Isn't it ironical then, that we, the resigning ex-employees of the reputed Life Insurance Corporation of India are still awaiting the payment of our arbitrarily and illegally repudiated Wage revision Arrears and difference in payments of Statutory Retirement Benefits like Provident Fund and Gratuity; since 1997? We who have actually worked for long hours during the period for which the payments have been repudiated, have been swindled of our hard-earned money despite being on the wage-rolls of the Corporation; despite a Supreme Court's verdict ordering the payments to be made!

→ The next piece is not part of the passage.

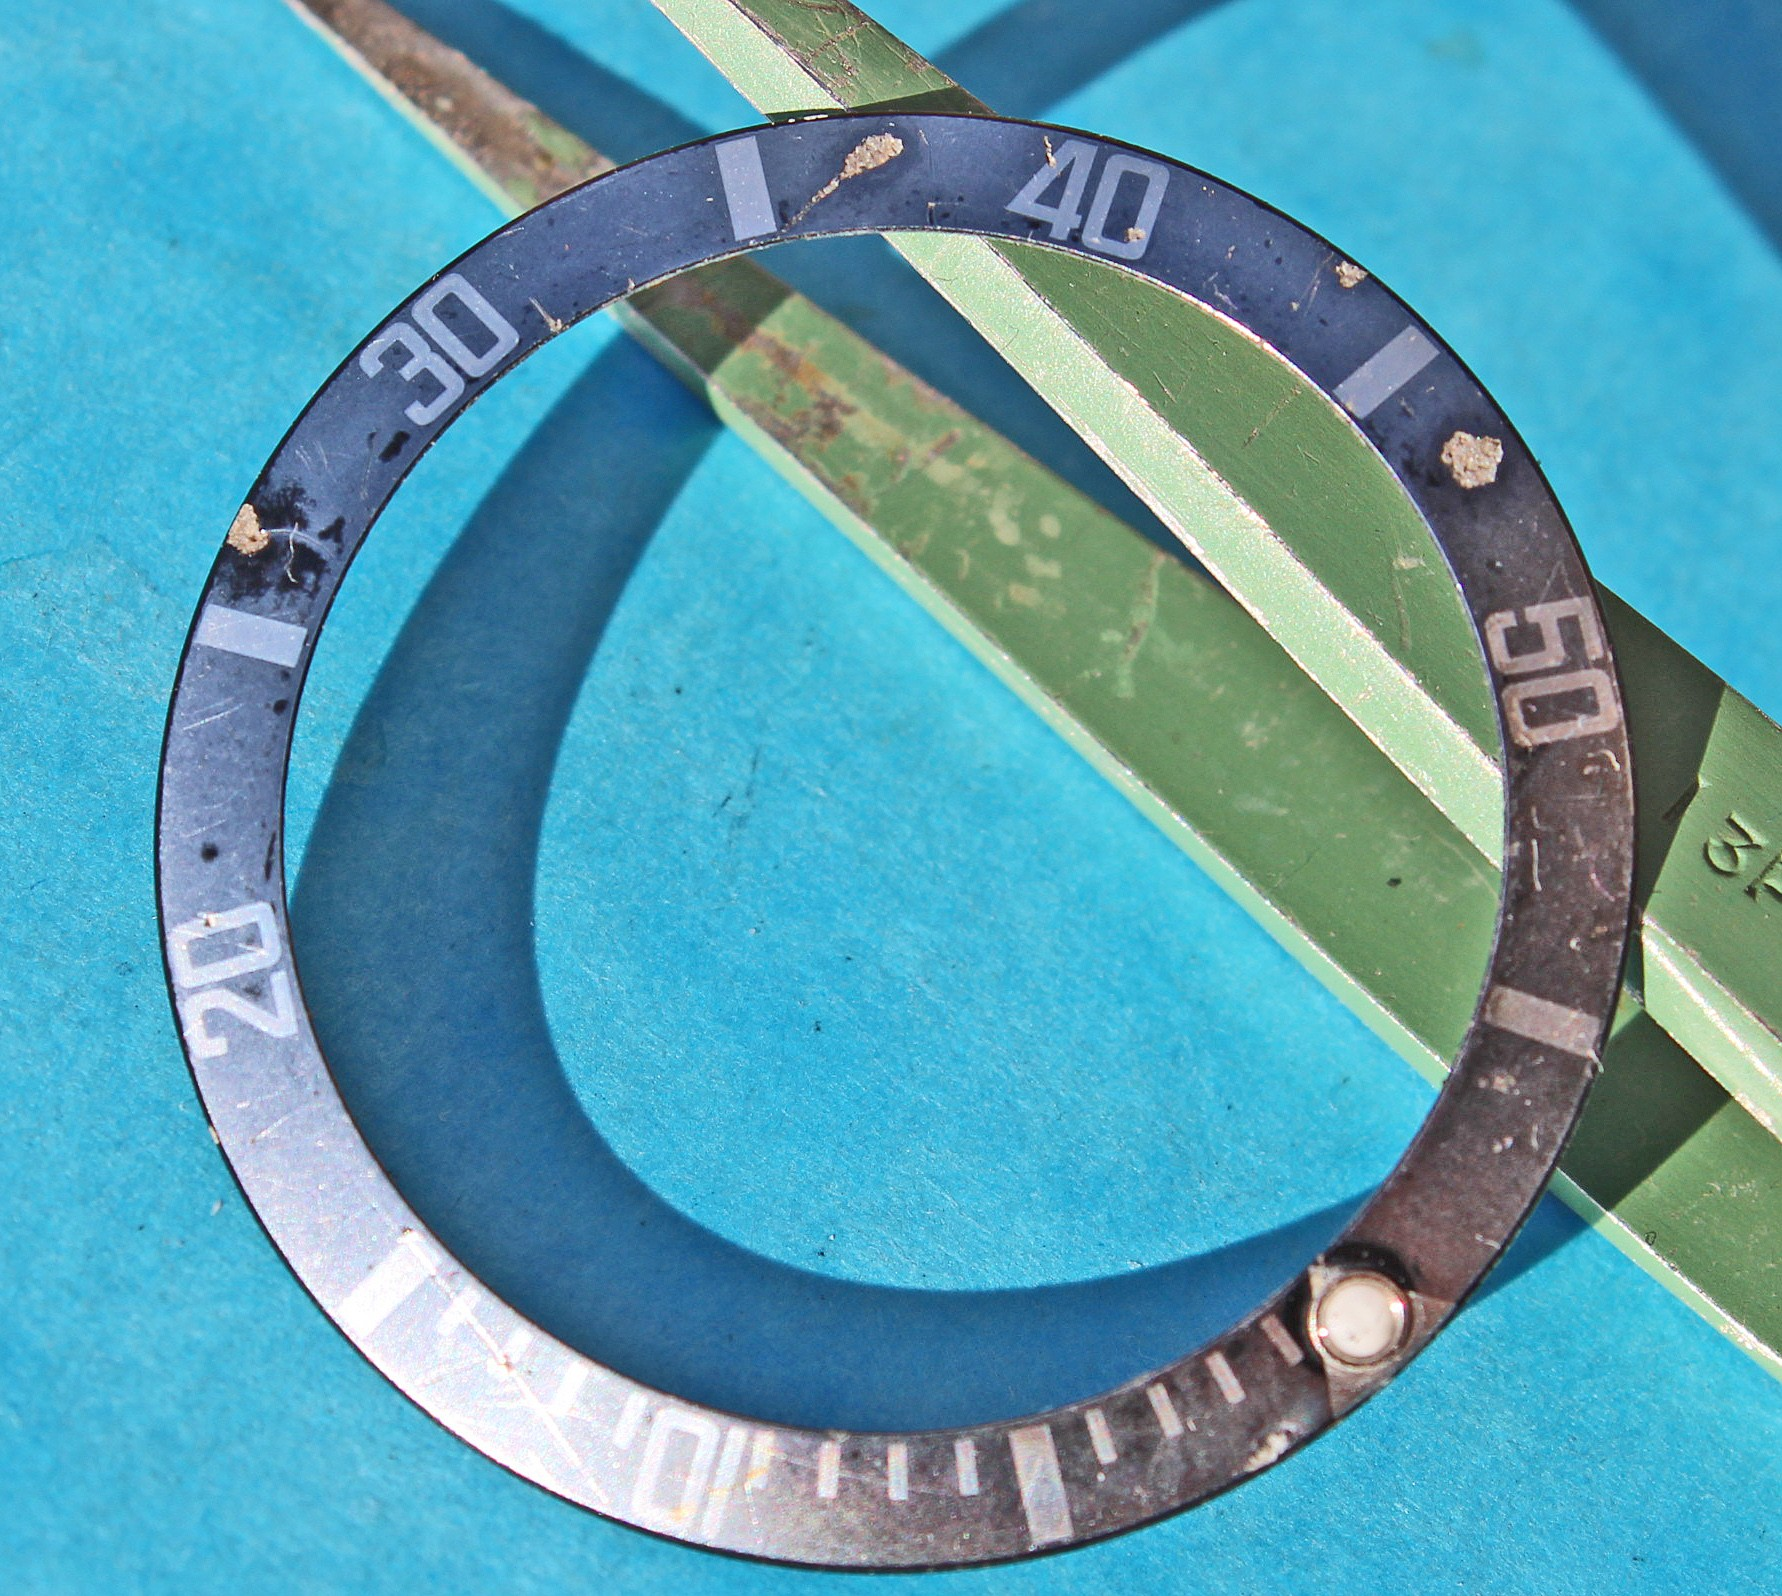 Freaky Faded Rolex Submariner Bezel Insert Black Stainless Steel 16800/0 16610 aged
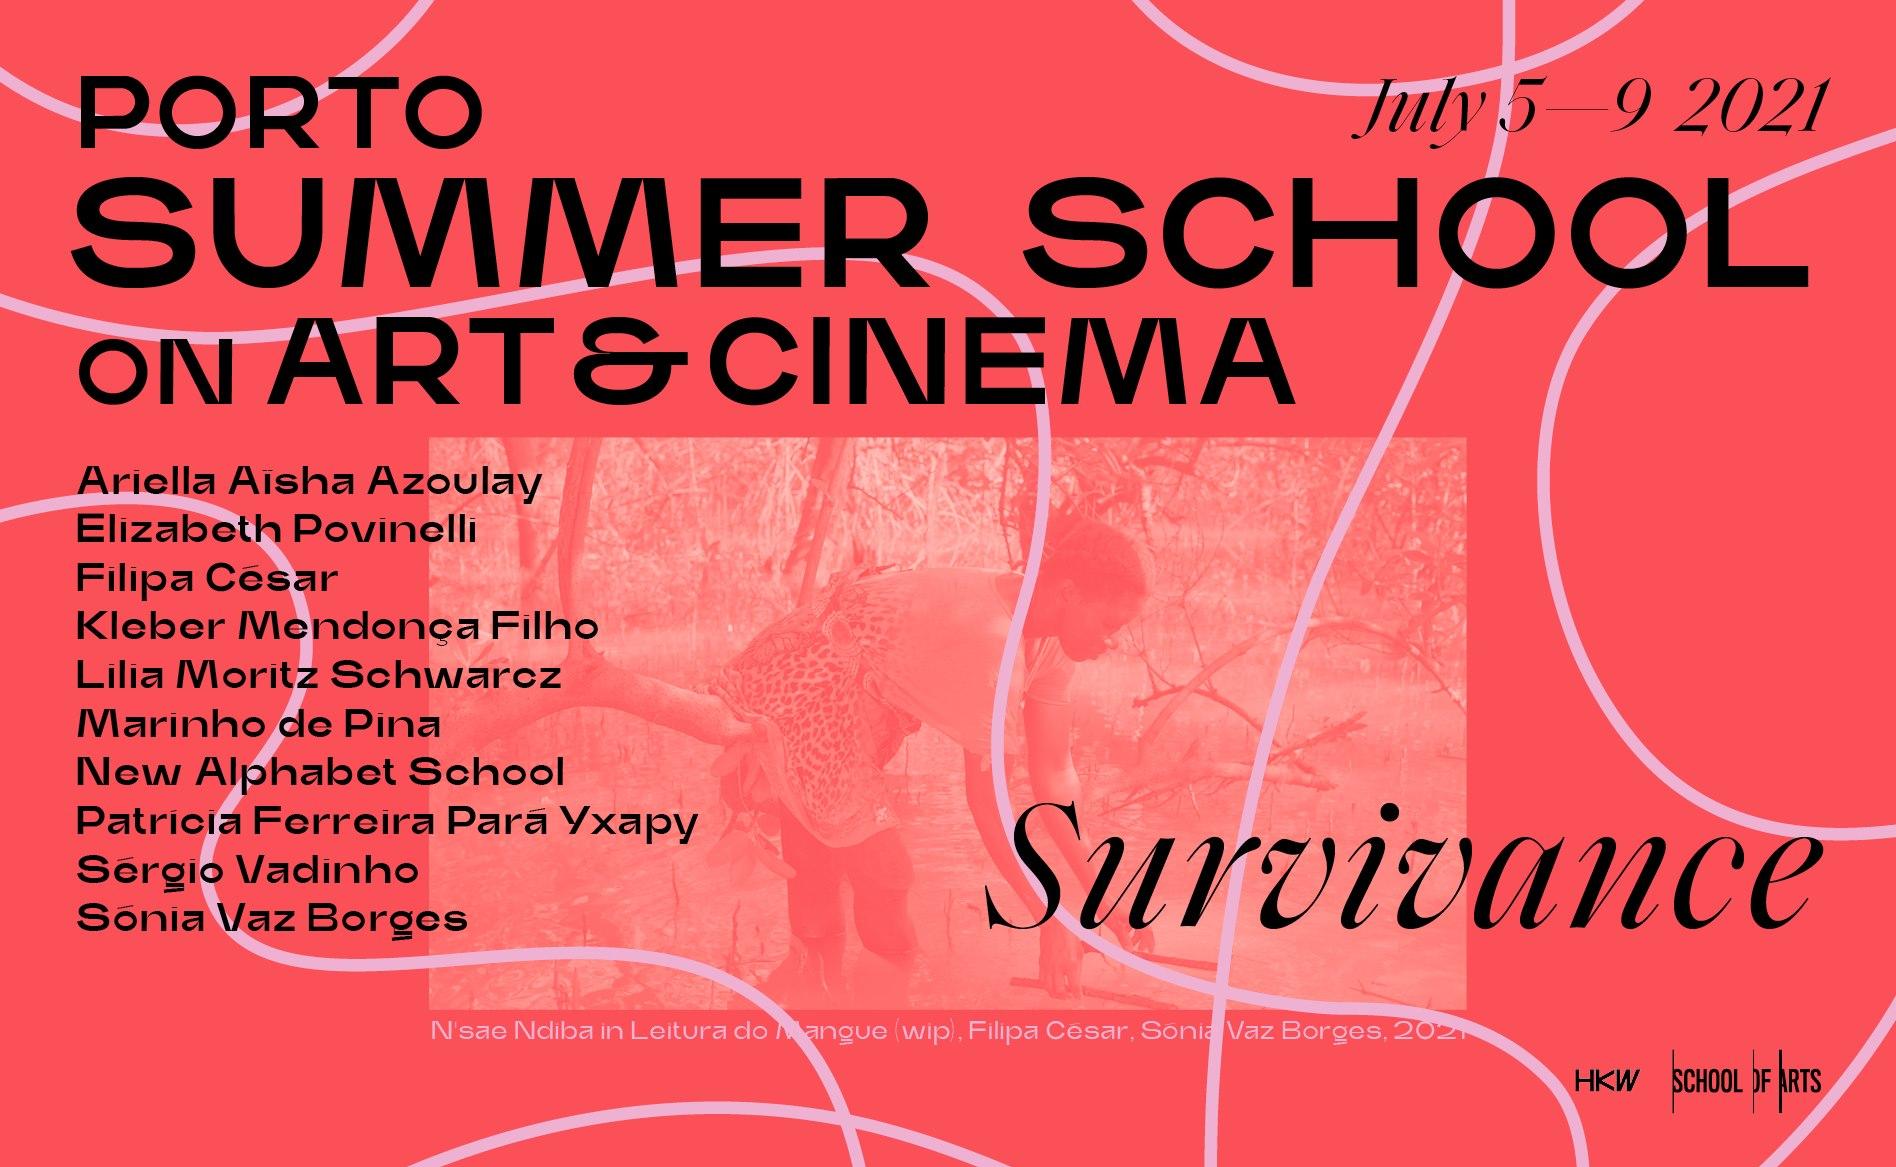 Call for Applications: Porto Summer School on Art & Cinema 2021 : Survivance

Wages are the fundamental rights of employees. They can neither be waived away or bartered away. They are Constitutional Rights. We have just celebrated the Birth Anniversary of the great leader and drafter of our Constitution, Dr. B.R.Ambedkar on the 14th of April. While remembering him and honoring his memory, LIC of India must recollect and rectify its great injustice towards all of us resigning ex-employees, whose dues have been repudiated cruelly, arbitrarily and illegally by it.

Likewise, the Government must also do its duty of directing the Corporation to make amends to rectify its blunder!

Now that everyone is at home, and has enough time to introspect and reflect on their wrongdoings, let the Chairman and Managing Board of Directors of LIC of India and the Finance Ministry Officials see new light and decide to pay us all our dues!

All of us will pray for the same.

This is one positive result that we all await with bated breaths and will surely welcome with open arms!